What then would be an appropriate authority and source of moral obligations? First, we know that obligations come from another person or a group of persons. Some examples are familial obligations, legal obligations, obligations to one’s country, obligations to one’s company, etc. In the case of moral obligations, its source also has to come from another mind(s). It is difficult to see how we are required to do something if no other mind requires it of us.

Second, obligations only arise if the source stands as an authority over those who are being obligated. It would be pointless for some random person to demand to bring you to the police station for questioning unless that person is a police officer who has jurisdiction. In the army, a soldier of a lower rank and without being given authority cannot issue commands to one who is of higher rank. In the case of morality, since moral obligations apply to all human beings across all places and times, the source must transcend human persons and societies and stand as an authority over all human persons.

Third, when different obligations conflict, one obligation trumps the other based on which social relationship is greater or which authority is greater. In the case of moral obligations, since it trumps all other obligations, either the source has a social relationship with humans which is more important than any other social relation, or the source must possess more authority than any other human. Fourth, obligations arise not by might, or by dealing out rewards and punishments. For example, a thief does not exercise authority over me by robbing me at gunpoint. Neither do evil dictators have the appropriate authority. If the law stated that no one could go to the toilet for a hundred days for no good reasons or that we should torture children for fun, then it does not generate an appropriate legal obligation to follow. For obligations to arise, they must be grounded based upon good reasons. So for moral obligations to always be appropriate to follow, the source must be reasonable and perfectly good.

Fifth, the source of obligations must be in a good epistemic position to know relevant considerations. If one is perfectly good and yet cannot know the relevant considerations in a situation and evaluate it properly, then there is no obligation generated. For morality, the source must be able to see all relevant considerations, including really difficult things like predicting the consequences of an action. Hence the source must be wise and intelligent.

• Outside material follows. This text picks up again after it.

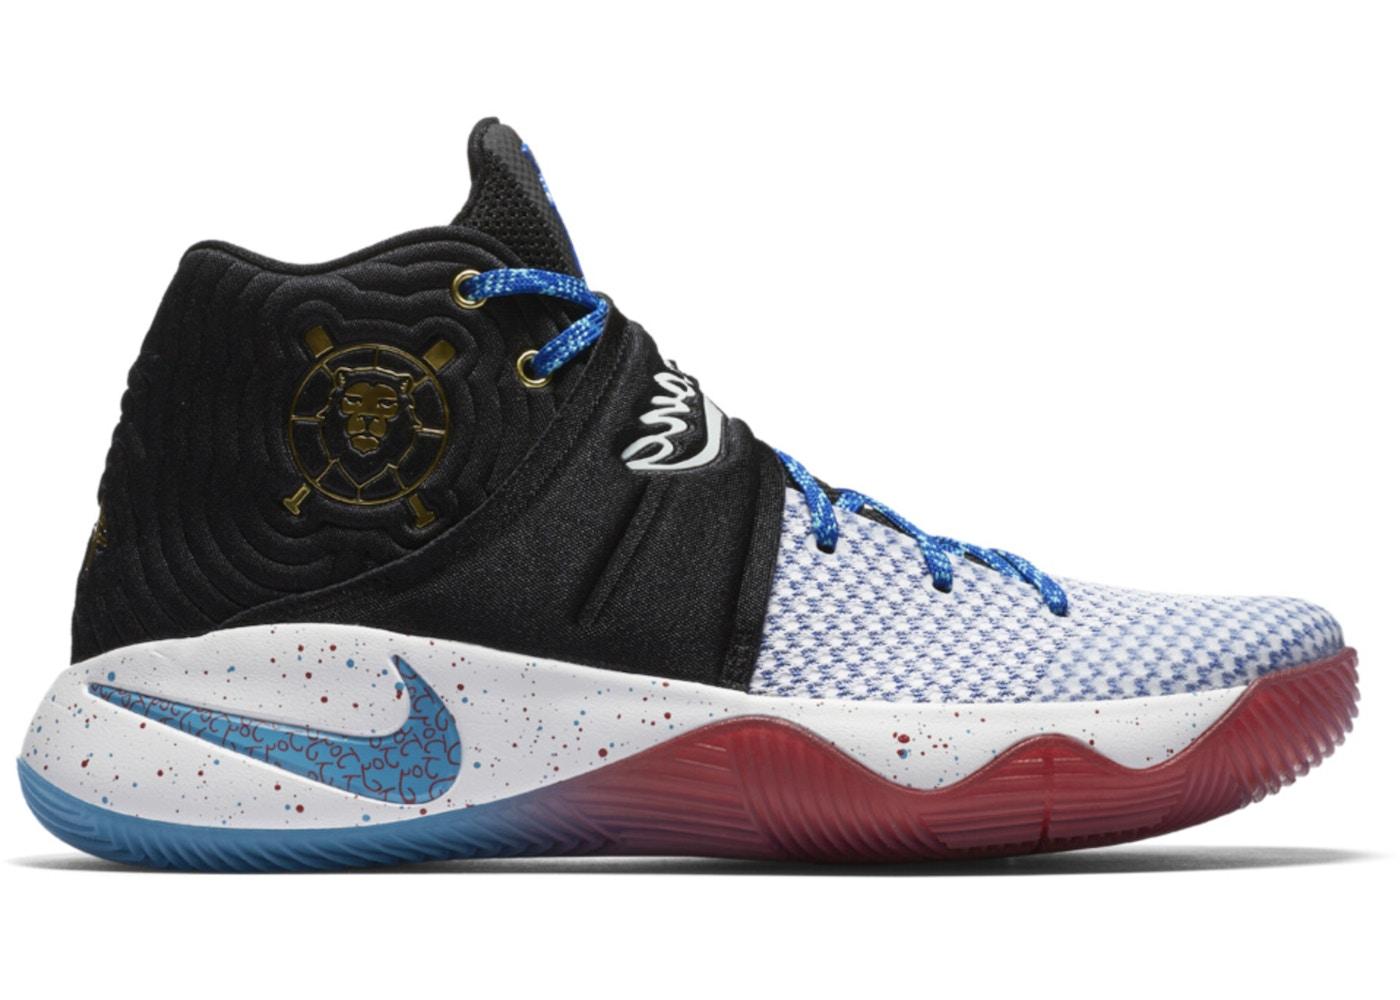 separation shoes 71bfd 94495 Kyrie 2 Doernbecher
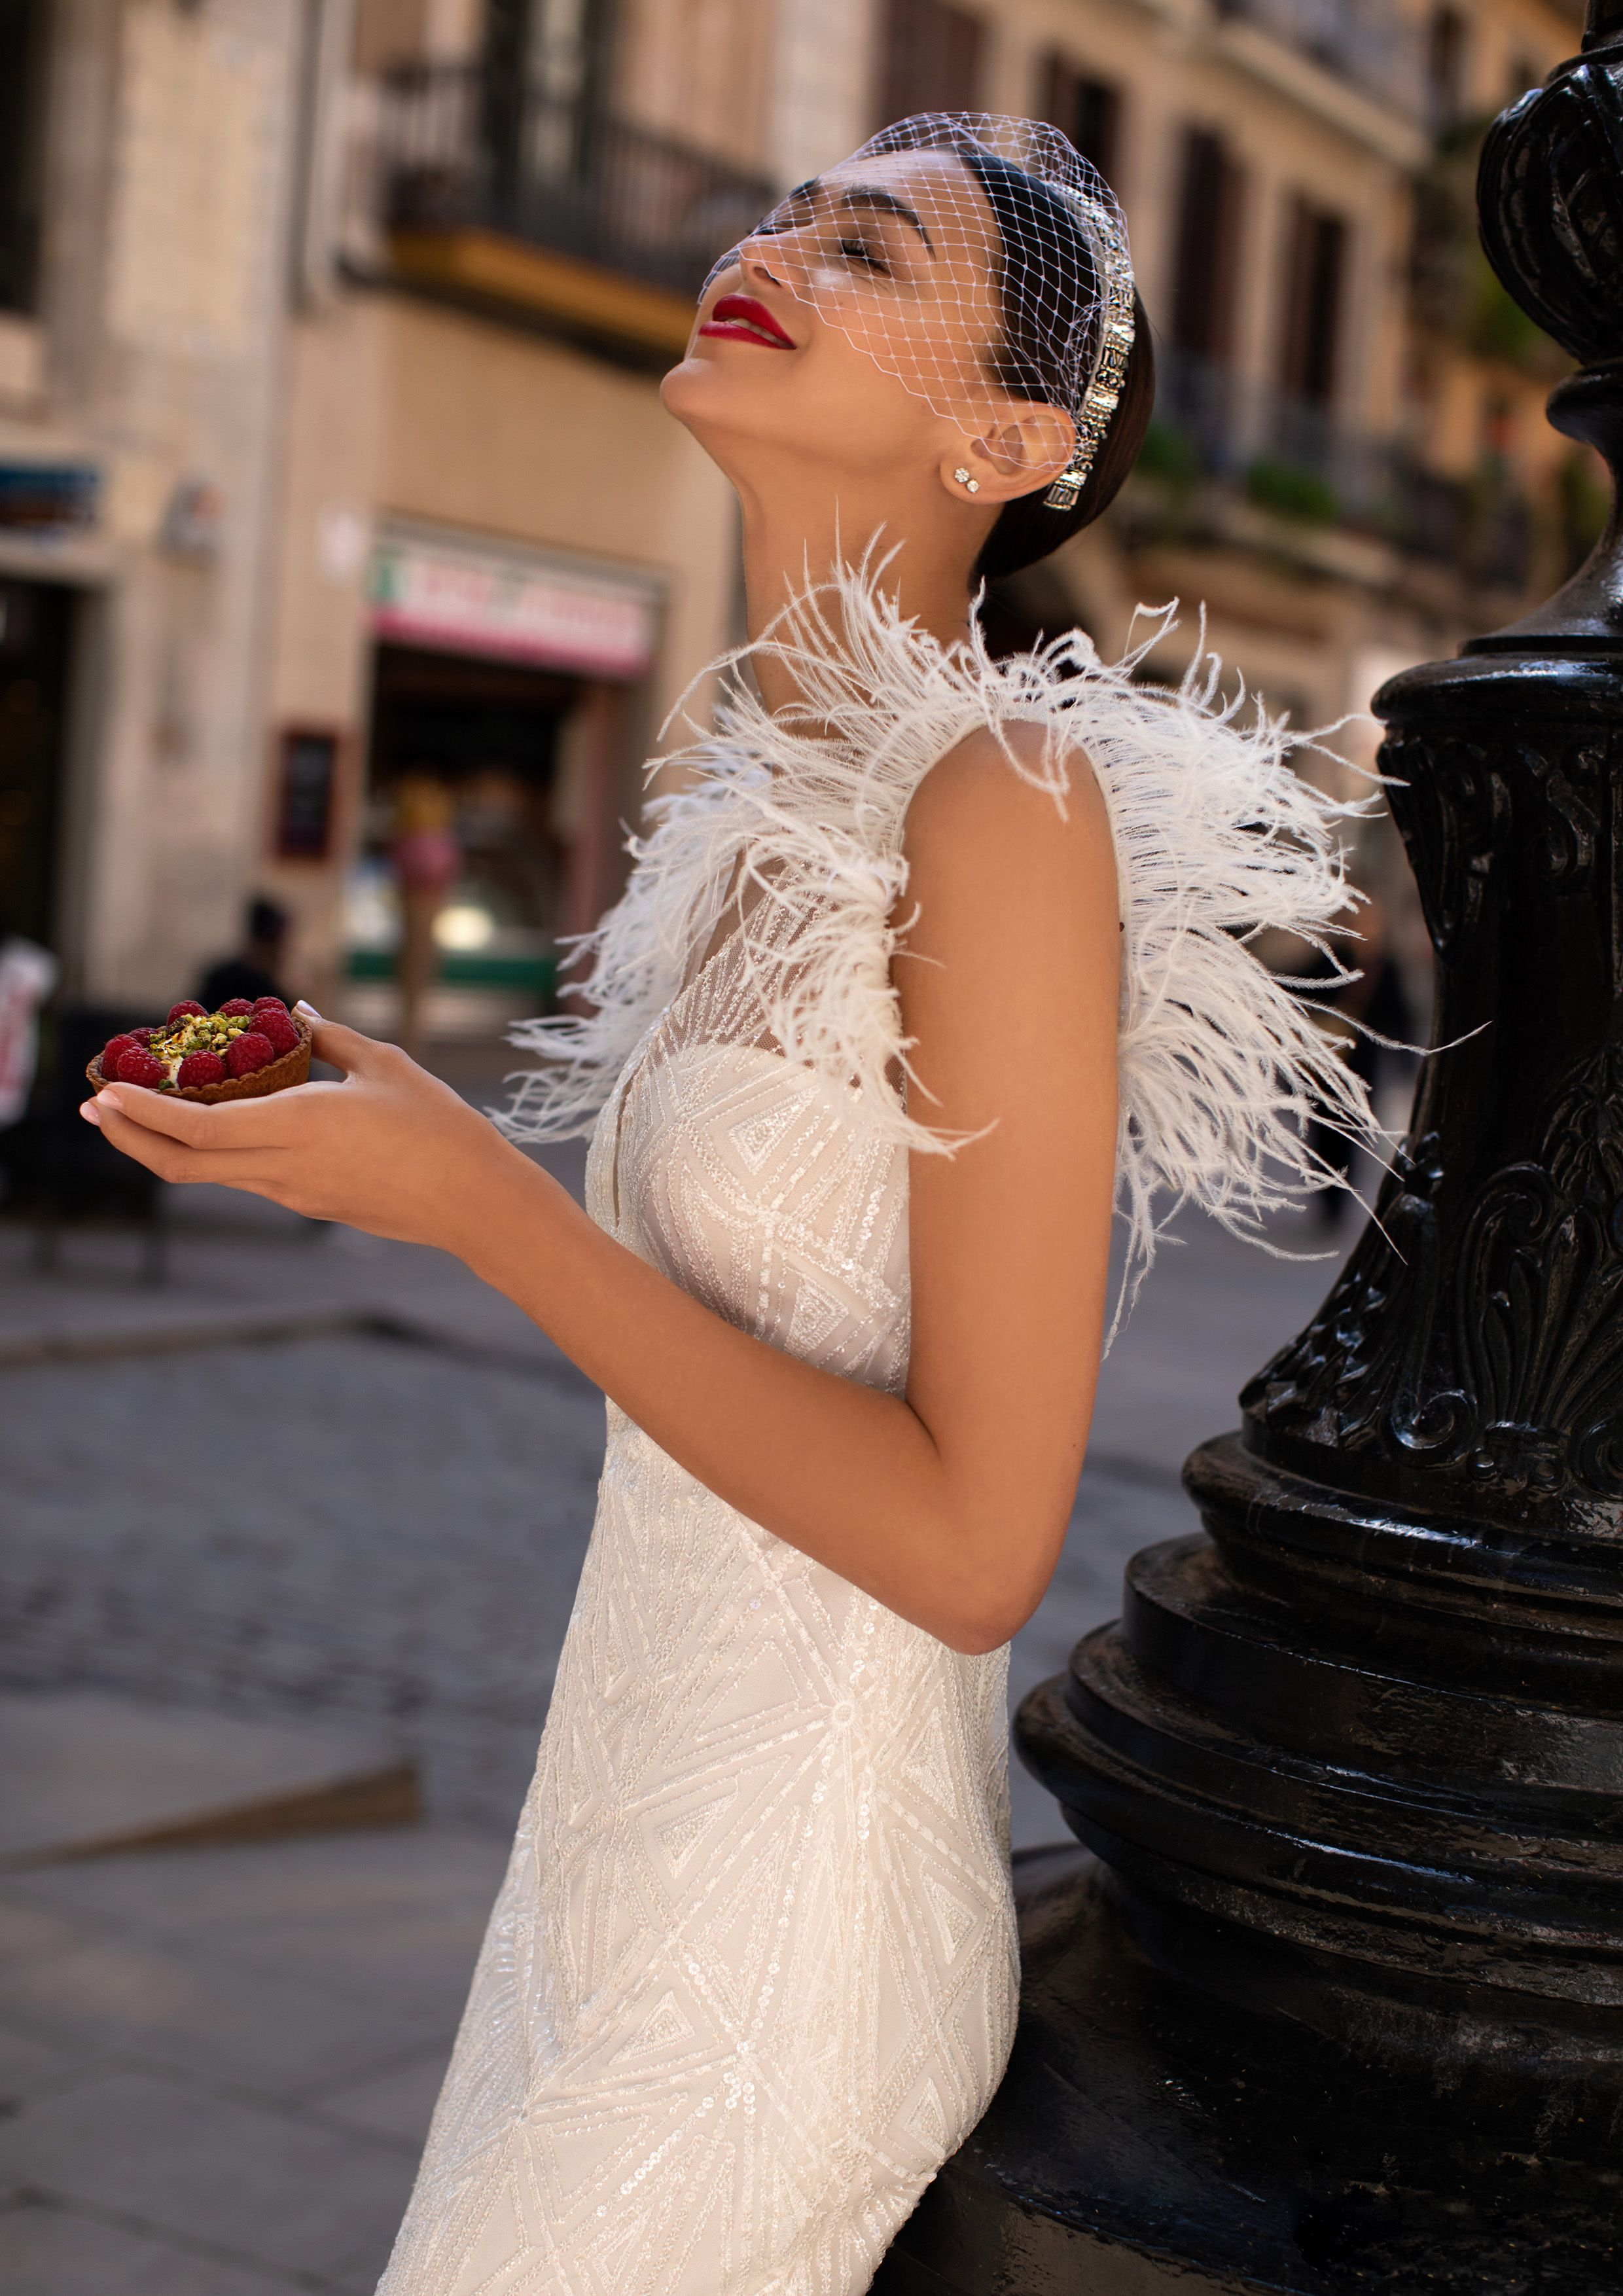 Lwd 05 Short Wedding Dress Platya Naryady Svadba [ 3508 x 2480 Pixel ]

Sixth, for obligations to be followed, they must be made known by the source in some way. Since moral obligations are to be followed, the source must either be able to communicate to us or give us faculties that can come to know these moral obligations. Lastly many agree that at least some moral obligations exists necessarily in all possible worlds. For example, it is not possible that the world turned out such that it is right to torture babies for fun. Since there are some necessary moral obligations such as not to murder, the explanation for moral obligations must also be necessary. In the care of moral obligations, the source necessarily requires some actions to be done (or not to be done). If so, it follows that the source must also exist necessarily in order to do so. Note that this does not undermine the source’s freedom if nothing external to Him determines that He requires so.

To sum up, an appropriate source of morality must be from a person or persons, must be an authority above all human persons, either have a social relationship with humans which is greater than any other social relation or possess more authority than any other human, be reasonable and perfectly good, be wise and intelligent, be able to communicate to us or give us faculties that can come to know these moral obligations, and exists necessarily. Hence for theists, one can argue from moral obligations to such a source of morality which they may call God.